American businessman

John Terrell Vawter was an American businessman-banker from Franklin, Johnson County, Indiana, United States. He was the half-uncle of an architect of the same name, Major John Terrell Vawter.

Vawter donated the Civil War memorial monument, known as the Vawter Memorial (featuring a sculpture by Rudolph Schwarz) in the Johnson County Courthouse square in Franklin, Indiana.

Interested in real estate, he was first the builder on the south shore of Lake Wawasee naming his property Vawter Park Village. He was the first proprietor of Vawter Park Hotel located there. Having lived in Franklin for almost 60 years, Vawter discontinued his business interests (including Vawter Drugs, Franklin Gas Co., and meat packing company Wheat, Vawter & Co.) in Franklin and moved to his land holdings at Vawter Park in 1886.

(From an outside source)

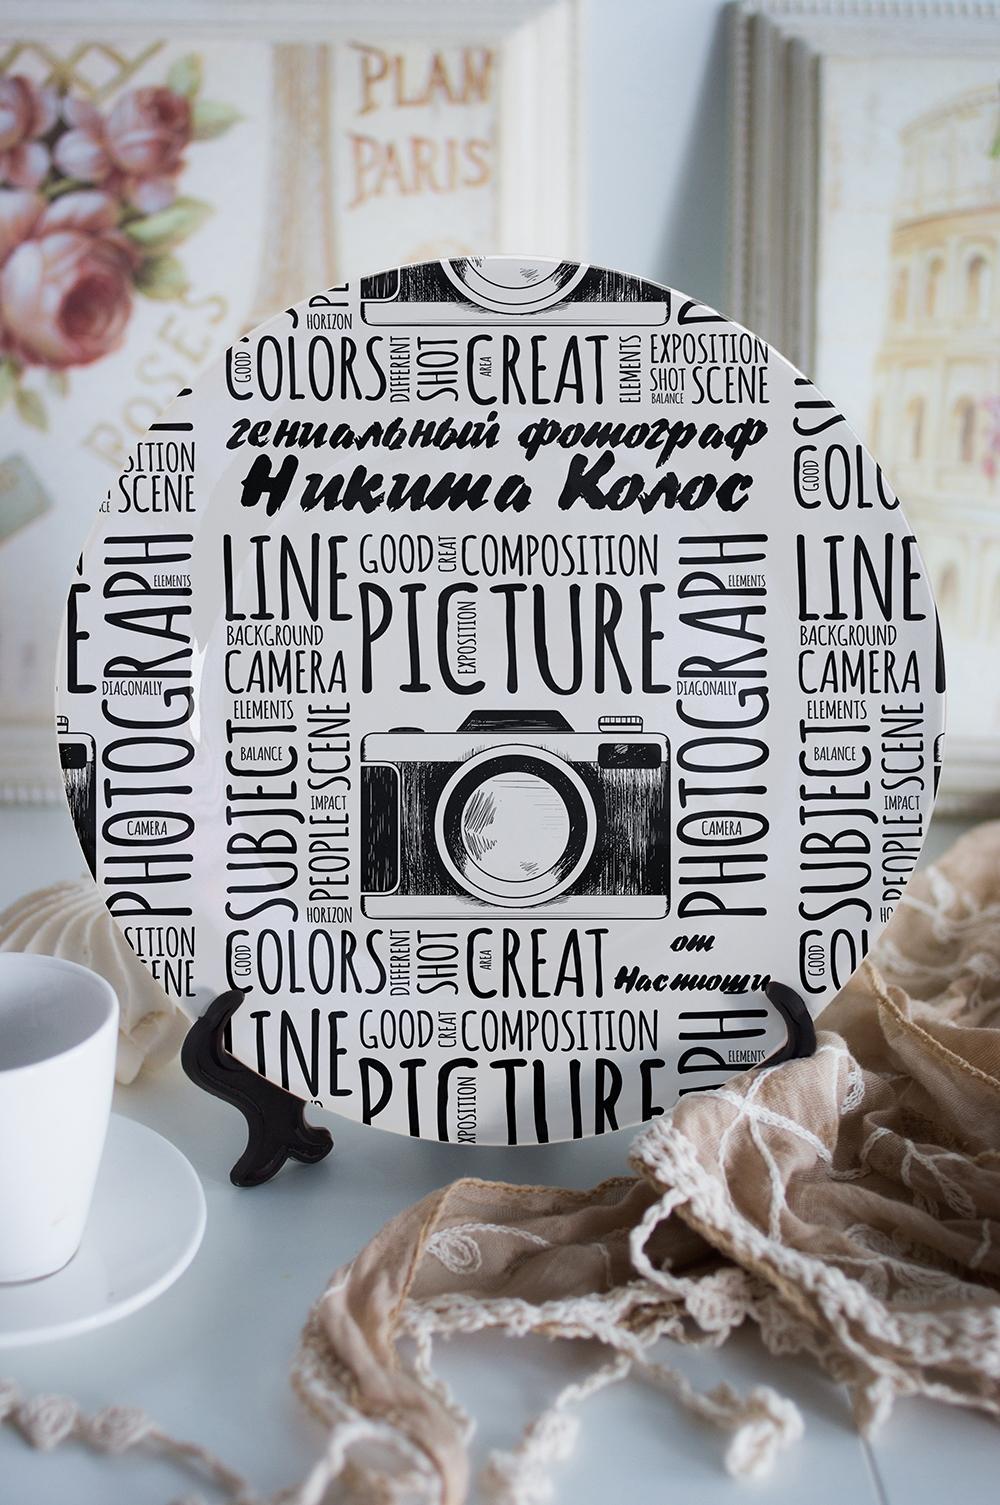 Тарелка декоративная с вашим текстом ФотографуПосуда<br>Подарите необыкновенный сувенир с индивидуальной надписью и именем – такая декоративная тарелка станет эксклюзивным украшением для интерьера и незабываемым подарком! Выберите понравившийся фон, впишите любимую фразу, имя получателя. Диаметр 20см<br>

Vawter Park Village was plotted in 1887 and the hotel followed. A number of vacation cottages were constructed southeast of the hotel by prominent citizens, one of which was Ovid Butler.

He enjoyed sailing his steam yacht, "Giselle", on Wawasee. It was a 70-foot (21 m) screw propeller craft with no sail rigging. In September, he would invite the children of the village for a cruise, providing them with treats of candy.

Children were: John Terrell Vawter Jr., David, Jesse, John, Smith Vawter.